| GIVEN INFORMATION |
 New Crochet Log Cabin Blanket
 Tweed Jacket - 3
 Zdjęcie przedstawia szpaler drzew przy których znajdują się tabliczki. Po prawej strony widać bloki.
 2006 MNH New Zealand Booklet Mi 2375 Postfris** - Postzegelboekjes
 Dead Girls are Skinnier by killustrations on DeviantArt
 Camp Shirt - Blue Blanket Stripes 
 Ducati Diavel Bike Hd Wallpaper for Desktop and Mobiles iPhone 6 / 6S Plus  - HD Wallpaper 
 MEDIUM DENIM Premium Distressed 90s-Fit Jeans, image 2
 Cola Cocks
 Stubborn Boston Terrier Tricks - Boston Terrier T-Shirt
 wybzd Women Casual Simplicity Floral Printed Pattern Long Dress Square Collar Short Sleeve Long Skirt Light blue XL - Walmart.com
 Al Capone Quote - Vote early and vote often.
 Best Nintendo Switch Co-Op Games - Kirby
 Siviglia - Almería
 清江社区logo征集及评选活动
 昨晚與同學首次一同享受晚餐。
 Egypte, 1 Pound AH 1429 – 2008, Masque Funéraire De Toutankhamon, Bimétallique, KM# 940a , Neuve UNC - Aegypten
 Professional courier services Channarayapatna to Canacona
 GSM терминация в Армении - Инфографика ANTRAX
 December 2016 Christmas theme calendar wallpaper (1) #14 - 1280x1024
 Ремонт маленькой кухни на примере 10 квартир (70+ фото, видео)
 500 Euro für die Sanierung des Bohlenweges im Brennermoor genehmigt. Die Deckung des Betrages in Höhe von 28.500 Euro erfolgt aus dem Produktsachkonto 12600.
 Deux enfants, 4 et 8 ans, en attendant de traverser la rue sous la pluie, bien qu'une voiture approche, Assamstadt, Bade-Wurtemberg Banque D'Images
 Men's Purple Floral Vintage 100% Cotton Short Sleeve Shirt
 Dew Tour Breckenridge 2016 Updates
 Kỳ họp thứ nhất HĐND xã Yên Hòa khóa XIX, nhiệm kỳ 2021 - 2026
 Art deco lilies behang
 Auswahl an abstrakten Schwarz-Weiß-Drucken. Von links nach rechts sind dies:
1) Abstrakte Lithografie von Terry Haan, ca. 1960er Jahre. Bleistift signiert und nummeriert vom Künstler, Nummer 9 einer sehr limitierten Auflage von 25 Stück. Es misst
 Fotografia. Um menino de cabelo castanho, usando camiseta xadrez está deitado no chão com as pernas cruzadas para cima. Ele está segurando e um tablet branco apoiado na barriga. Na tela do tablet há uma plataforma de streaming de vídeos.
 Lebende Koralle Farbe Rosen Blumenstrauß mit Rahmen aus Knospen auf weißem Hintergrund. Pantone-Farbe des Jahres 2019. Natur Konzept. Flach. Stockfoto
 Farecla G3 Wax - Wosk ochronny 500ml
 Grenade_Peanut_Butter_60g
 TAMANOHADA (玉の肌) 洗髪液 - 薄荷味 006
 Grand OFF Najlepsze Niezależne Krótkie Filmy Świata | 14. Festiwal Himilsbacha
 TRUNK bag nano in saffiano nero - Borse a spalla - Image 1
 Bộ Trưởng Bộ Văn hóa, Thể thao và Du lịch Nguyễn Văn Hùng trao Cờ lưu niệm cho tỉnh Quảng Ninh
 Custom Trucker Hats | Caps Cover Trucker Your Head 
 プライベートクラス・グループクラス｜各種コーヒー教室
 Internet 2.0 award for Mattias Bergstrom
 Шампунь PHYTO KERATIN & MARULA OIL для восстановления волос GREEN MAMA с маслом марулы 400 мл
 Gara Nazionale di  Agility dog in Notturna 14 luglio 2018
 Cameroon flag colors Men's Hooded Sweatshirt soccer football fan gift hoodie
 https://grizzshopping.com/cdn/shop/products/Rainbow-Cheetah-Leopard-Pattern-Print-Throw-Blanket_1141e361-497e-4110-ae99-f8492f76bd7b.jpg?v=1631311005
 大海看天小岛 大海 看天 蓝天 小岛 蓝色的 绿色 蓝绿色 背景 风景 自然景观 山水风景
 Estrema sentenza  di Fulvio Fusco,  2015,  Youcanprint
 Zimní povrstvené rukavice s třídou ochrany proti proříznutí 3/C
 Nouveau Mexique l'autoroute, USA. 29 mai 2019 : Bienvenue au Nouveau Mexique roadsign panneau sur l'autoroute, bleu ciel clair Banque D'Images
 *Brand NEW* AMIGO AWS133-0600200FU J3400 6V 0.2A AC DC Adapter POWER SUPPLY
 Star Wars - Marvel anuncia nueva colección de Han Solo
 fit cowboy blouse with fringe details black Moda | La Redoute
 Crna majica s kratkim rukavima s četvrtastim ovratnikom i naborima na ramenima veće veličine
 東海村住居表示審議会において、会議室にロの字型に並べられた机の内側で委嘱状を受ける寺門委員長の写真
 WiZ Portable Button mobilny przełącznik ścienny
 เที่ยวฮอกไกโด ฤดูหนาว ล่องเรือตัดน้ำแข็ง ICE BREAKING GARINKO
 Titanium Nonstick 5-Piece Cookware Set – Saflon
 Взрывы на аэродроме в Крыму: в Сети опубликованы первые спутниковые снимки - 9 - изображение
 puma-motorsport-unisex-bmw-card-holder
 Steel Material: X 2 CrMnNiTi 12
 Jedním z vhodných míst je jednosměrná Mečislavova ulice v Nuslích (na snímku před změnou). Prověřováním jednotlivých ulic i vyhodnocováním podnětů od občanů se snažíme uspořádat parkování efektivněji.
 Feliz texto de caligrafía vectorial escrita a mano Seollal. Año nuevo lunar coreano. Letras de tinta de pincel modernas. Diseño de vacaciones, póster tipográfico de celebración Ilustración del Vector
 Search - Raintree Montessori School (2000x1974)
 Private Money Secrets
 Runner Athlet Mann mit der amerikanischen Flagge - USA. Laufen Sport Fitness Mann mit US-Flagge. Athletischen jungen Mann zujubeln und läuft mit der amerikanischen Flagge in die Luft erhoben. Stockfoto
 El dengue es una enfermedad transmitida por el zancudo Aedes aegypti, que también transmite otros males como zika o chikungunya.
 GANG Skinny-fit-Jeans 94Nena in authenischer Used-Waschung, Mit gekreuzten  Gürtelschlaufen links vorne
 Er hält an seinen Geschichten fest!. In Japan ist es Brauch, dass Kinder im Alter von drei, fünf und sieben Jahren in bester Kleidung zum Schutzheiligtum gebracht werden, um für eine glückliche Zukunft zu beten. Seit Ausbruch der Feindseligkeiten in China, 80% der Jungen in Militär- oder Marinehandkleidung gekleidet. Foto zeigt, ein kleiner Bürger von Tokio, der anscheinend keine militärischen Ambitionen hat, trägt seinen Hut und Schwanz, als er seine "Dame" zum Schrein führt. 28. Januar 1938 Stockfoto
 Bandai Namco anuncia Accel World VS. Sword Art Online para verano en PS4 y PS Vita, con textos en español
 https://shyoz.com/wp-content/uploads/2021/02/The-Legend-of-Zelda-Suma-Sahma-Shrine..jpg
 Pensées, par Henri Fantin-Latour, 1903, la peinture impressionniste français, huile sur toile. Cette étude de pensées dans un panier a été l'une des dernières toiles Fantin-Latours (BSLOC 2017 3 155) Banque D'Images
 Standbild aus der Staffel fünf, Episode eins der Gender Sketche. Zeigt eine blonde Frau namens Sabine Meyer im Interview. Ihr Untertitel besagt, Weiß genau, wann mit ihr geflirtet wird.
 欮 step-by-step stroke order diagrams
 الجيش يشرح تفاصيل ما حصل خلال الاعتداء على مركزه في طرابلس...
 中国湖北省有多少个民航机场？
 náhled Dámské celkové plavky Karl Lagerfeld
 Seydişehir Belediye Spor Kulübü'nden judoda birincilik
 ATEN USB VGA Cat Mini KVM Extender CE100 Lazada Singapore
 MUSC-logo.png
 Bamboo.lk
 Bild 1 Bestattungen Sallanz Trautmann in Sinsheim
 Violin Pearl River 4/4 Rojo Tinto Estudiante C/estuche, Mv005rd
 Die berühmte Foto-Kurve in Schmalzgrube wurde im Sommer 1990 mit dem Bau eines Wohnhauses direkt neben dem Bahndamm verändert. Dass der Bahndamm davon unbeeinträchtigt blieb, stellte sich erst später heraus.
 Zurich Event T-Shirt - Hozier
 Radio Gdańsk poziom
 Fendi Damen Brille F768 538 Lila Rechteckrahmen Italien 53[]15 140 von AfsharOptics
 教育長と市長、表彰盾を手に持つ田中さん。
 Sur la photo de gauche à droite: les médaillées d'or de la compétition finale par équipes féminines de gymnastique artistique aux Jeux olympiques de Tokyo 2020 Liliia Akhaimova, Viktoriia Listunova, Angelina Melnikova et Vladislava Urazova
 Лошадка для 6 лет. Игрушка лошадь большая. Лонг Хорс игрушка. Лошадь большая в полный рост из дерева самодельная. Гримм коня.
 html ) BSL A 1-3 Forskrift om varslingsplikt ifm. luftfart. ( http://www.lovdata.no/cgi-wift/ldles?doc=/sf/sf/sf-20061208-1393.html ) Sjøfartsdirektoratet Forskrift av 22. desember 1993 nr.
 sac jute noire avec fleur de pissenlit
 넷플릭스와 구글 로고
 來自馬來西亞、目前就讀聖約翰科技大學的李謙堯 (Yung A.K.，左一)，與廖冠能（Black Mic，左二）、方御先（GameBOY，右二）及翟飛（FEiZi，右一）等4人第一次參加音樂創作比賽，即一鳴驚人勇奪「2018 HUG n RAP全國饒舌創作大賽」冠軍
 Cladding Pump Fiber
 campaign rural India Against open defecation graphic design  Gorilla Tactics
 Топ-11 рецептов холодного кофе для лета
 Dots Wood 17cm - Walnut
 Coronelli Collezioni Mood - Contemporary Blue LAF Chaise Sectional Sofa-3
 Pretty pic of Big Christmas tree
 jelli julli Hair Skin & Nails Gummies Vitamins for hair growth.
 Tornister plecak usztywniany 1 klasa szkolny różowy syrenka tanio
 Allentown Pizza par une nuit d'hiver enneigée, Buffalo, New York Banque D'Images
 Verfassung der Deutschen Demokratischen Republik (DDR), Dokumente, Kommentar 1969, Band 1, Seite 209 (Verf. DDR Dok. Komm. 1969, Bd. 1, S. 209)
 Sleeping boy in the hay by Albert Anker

| WHAT YOU WILL DO |
Taking the records above, retype every line from the one with "الجيش يشرح تفاصيل" down to the one with "sac jute noire avec fleur de pissenlit", exactly and with nothing else.

| REPLY TO THE TASK |
 الجيش يشرح تفاصيل ما حصل خلال الاعتداء على مركزه في طرابلس...
 中国湖北省有多少个民航机场？
 náhled Dámské celkové plavky Karl Lagerfeld
 Seydişehir Belediye Spor Kulübü'nden judoda birincilik
 ATEN USB VGA Cat Mini KVM Extender CE100 Lazada Singapore
 MUSC-logo.png
 Bamboo.lk
 Bild 1 Bestattungen Sallanz Trautmann in Sinsheim
 Violin Pearl River 4/4 Rojo Tinto Estudiante C/estuche, Mv005rd
 Die berühmte Foto-Kurve in Schmalzgrube wurde im Sommer 1990 mit dem Bau eines Wohnhauses direkt neben dem Bahndamm verändert. Dass der Bahndamm davon unbeeinträchtigt blieb, stellte sich erst später heraus.
 Zurich Event T-Shirt - Hozier
 Radio Gdańsk poziom
 Fendi Damen Brille F768 538 Lila Rechteckrahmen Italien 53[]15 140 von AfsharOptics
 教育長と市長、表彰盾を手に持つ田中さん。
 Sur la photo de gauche à droite: les médaillées d'or de la compétition finale par équipes féminines de gymnastique artistique aux Jeux olympiques de Tokyo 2020 Liliia Akhaimova, Viktoriia Listunova, Angelina Melnikova et Vladislava Urazova
 Лошадка для 6 лет. Игрушка лошадь большая. Лонг Хорс игрушка. Лошадь большая в полный рост из дерева самодельная. Гримм коня.
 html ) BSL A 1-3 Forskrift om varslingsplikt ifm. luftfart. ( http://www.lovdata.no/cgi-wift/ldles?doc=/sf/sf/sf-20061208-1393.html ) Sjøfartsdirektoratet Forskrift av 22. desember 1993 nr.
 sac jute noire avec fleur de pissenlit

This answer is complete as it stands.